- EXERCISE DETAILS -
Find "Active type vibration" in the material, then return exactly the line containing it and all lines after it to the end, leaving out pictures.

- EXERCISE DATA -
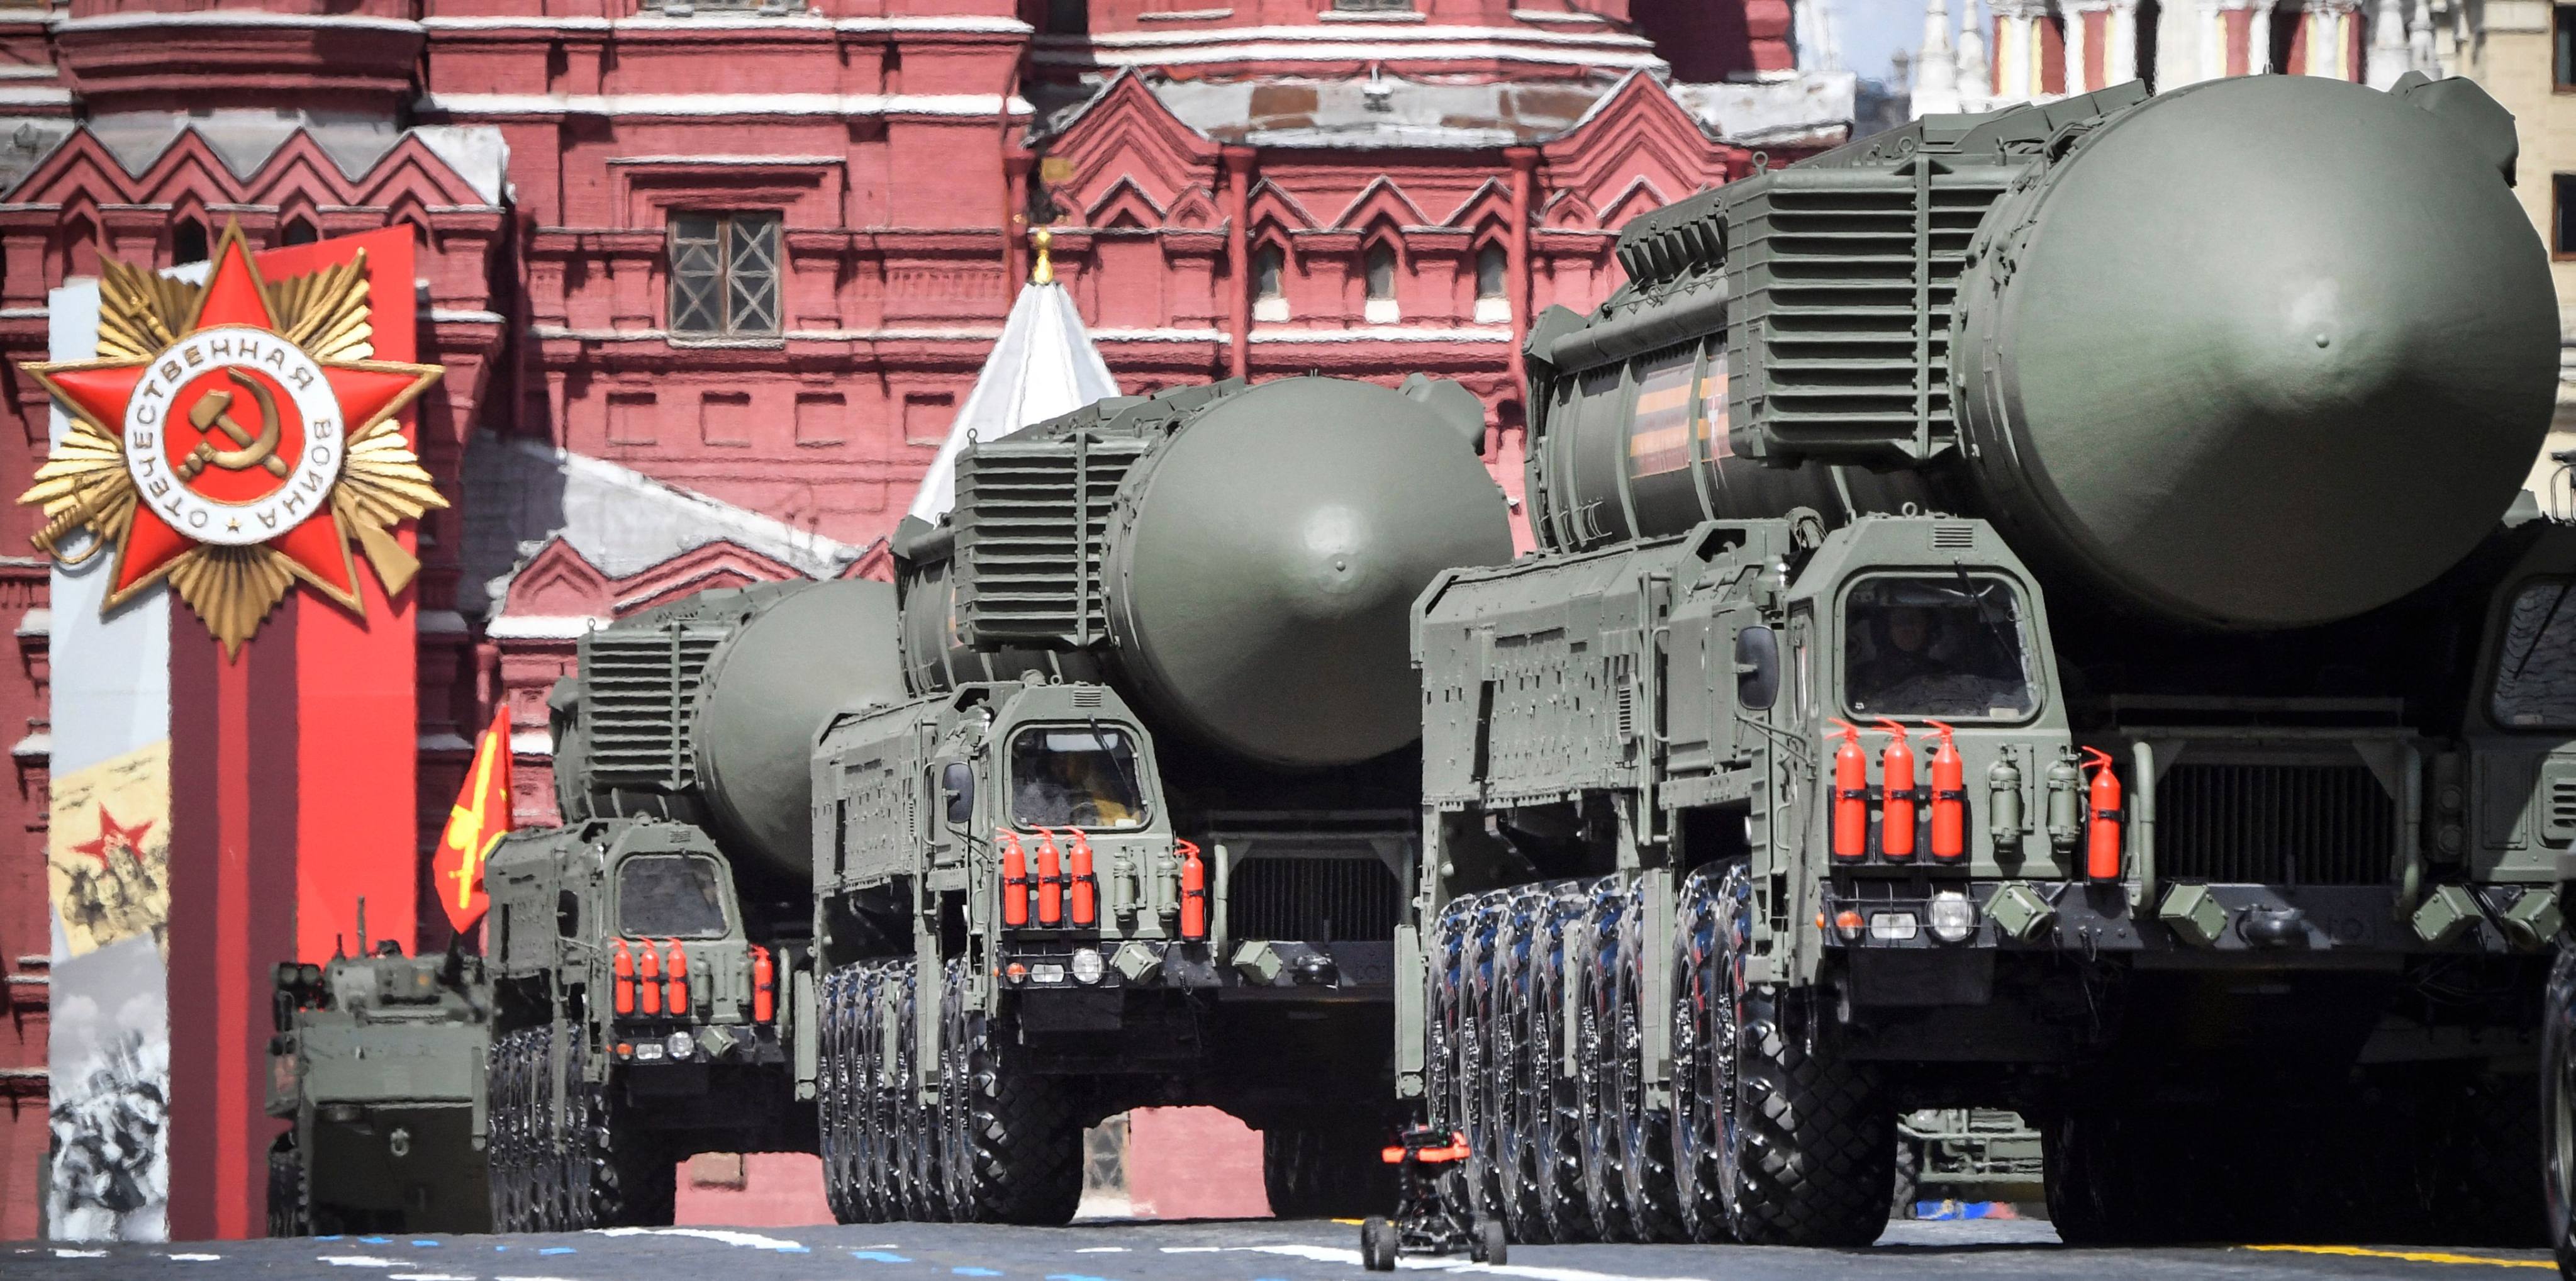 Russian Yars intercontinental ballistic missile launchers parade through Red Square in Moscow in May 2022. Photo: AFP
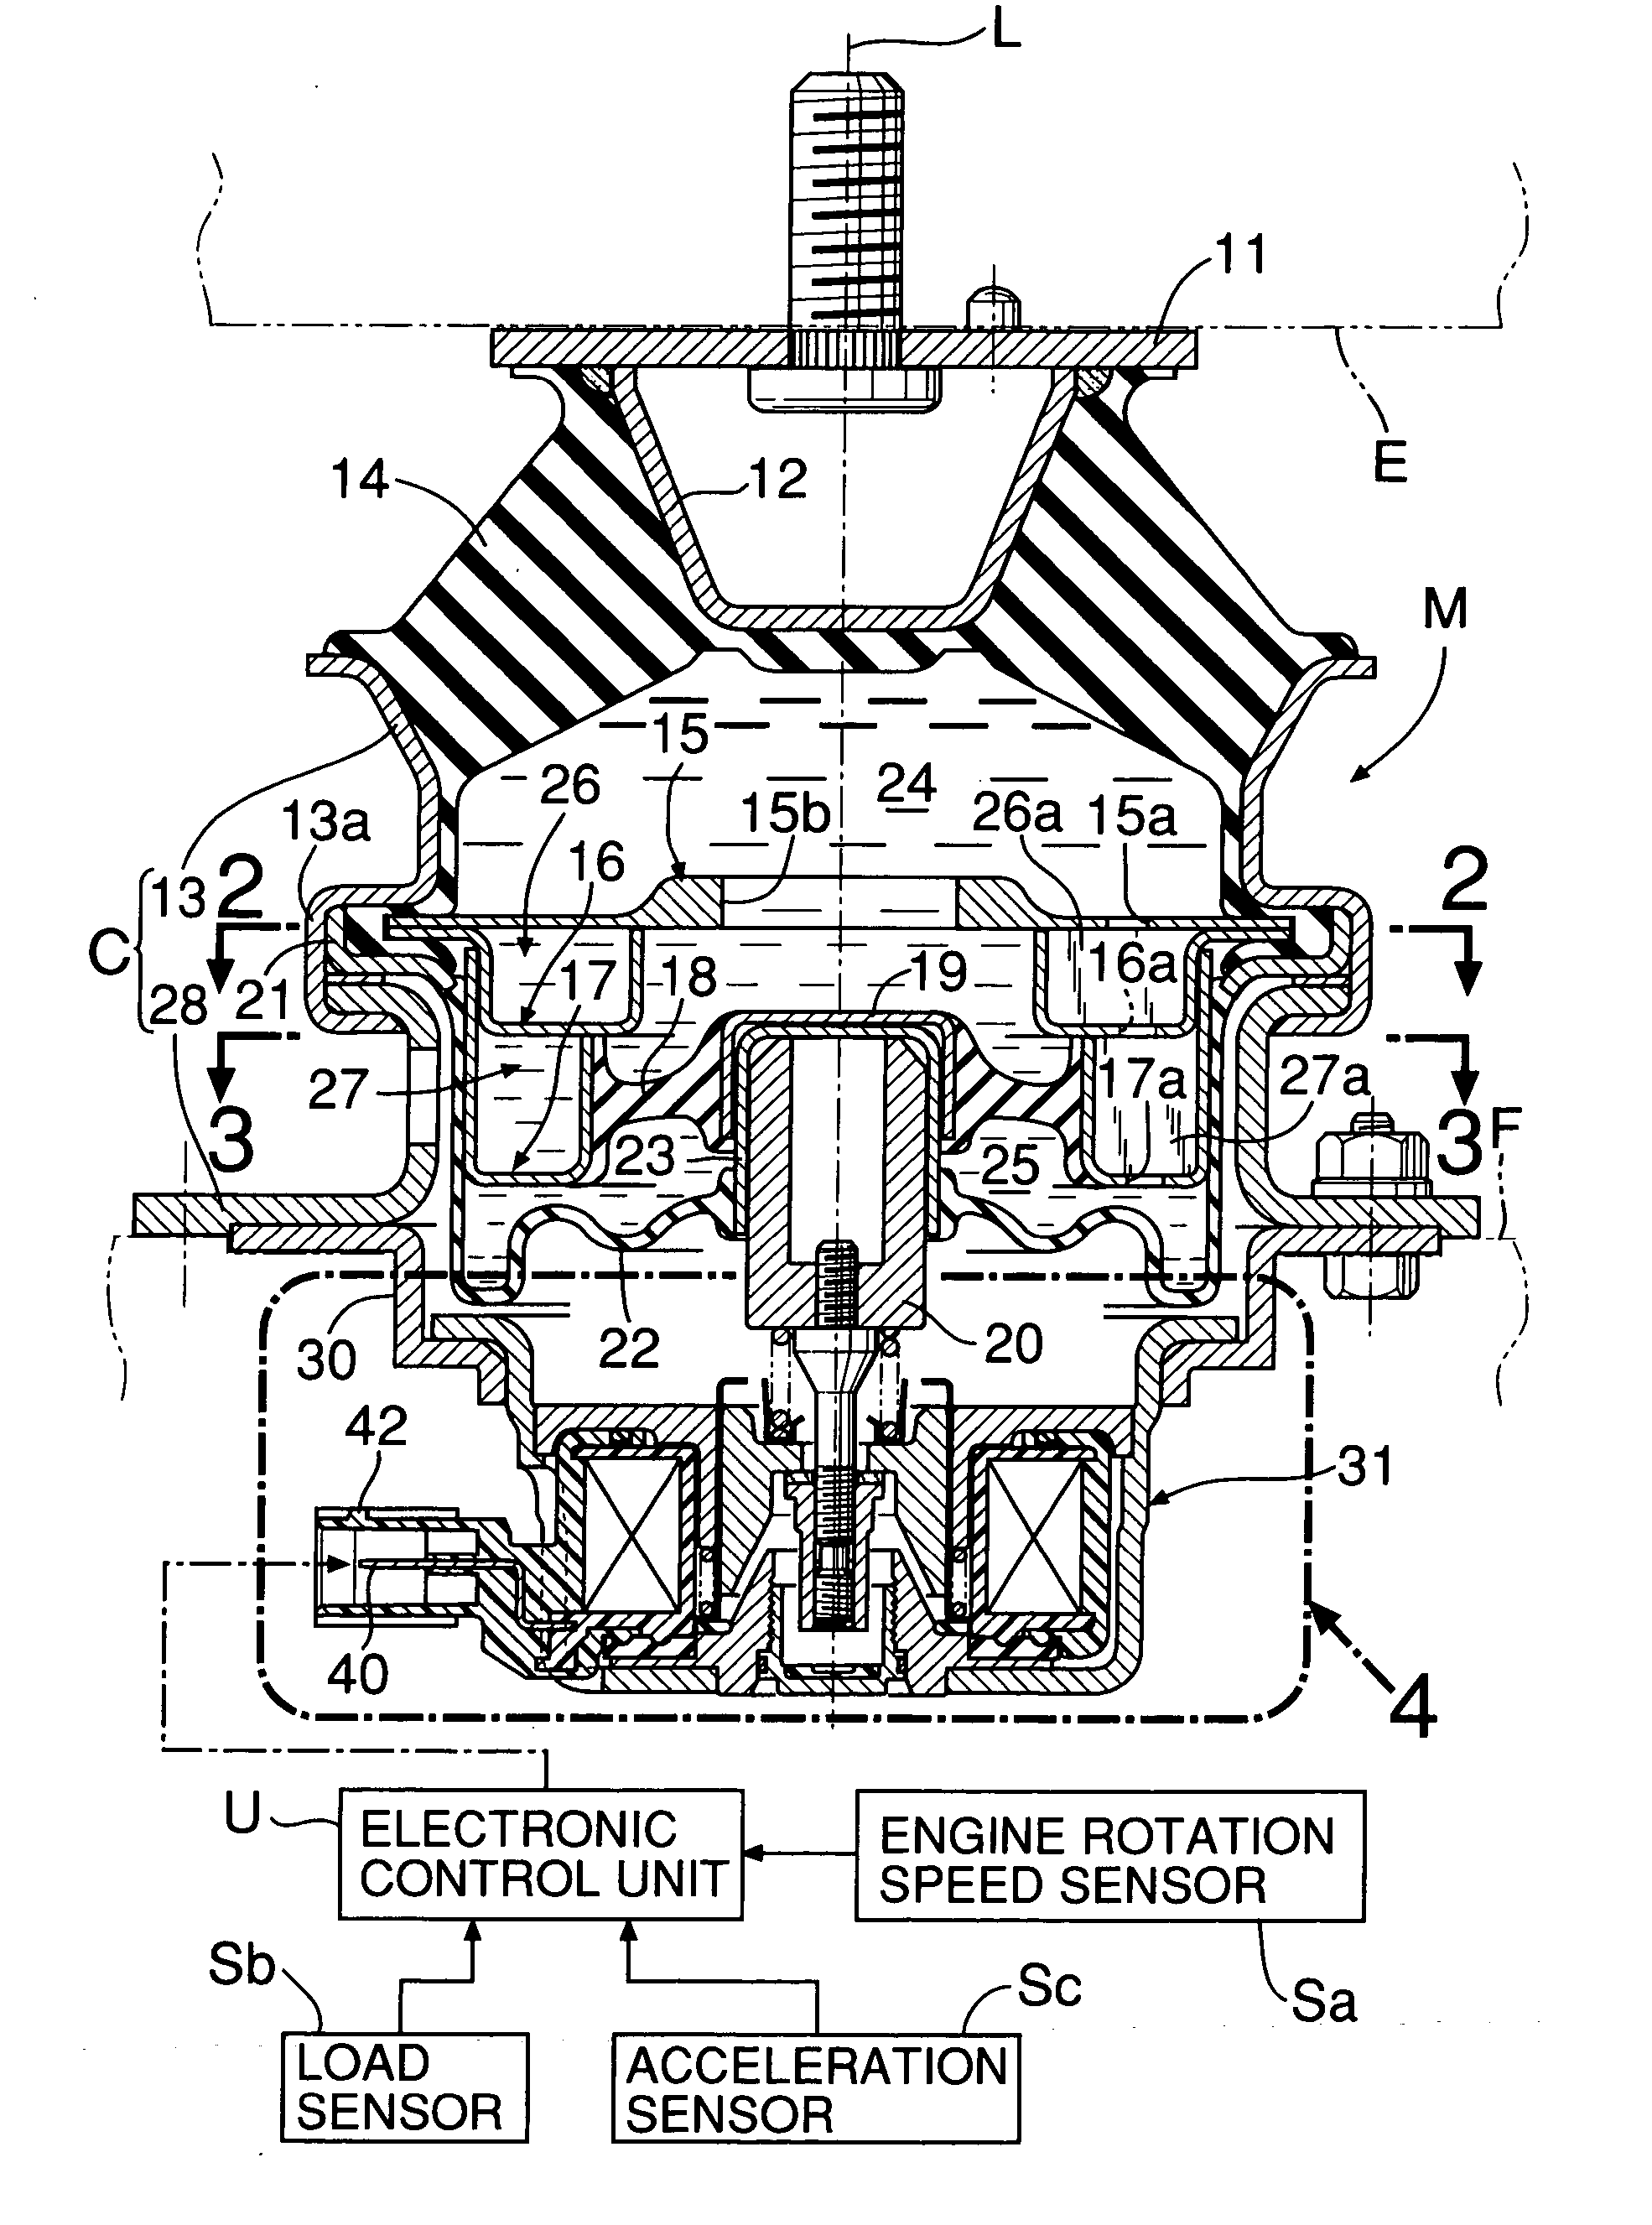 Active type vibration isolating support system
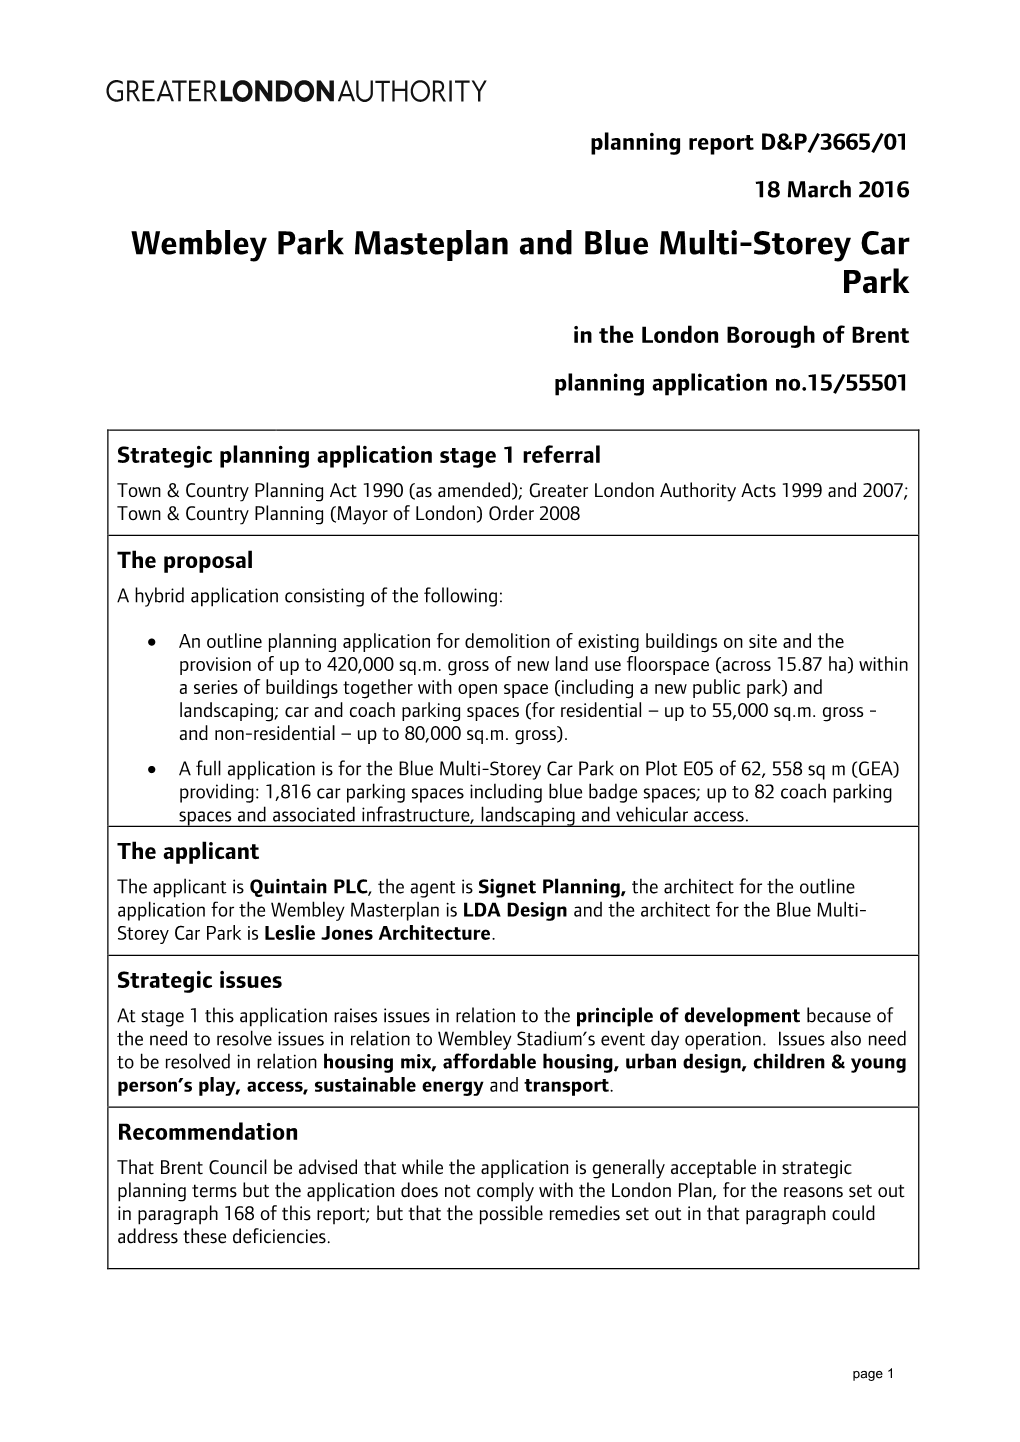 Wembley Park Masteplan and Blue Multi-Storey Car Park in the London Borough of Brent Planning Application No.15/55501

- YOUR RESPONSE -
 Active type vibration isolating support system
 Wembley Park Masteplan and Blue Multi-Storey Car Park in the London Borough of Brent Planning Application No.15/55501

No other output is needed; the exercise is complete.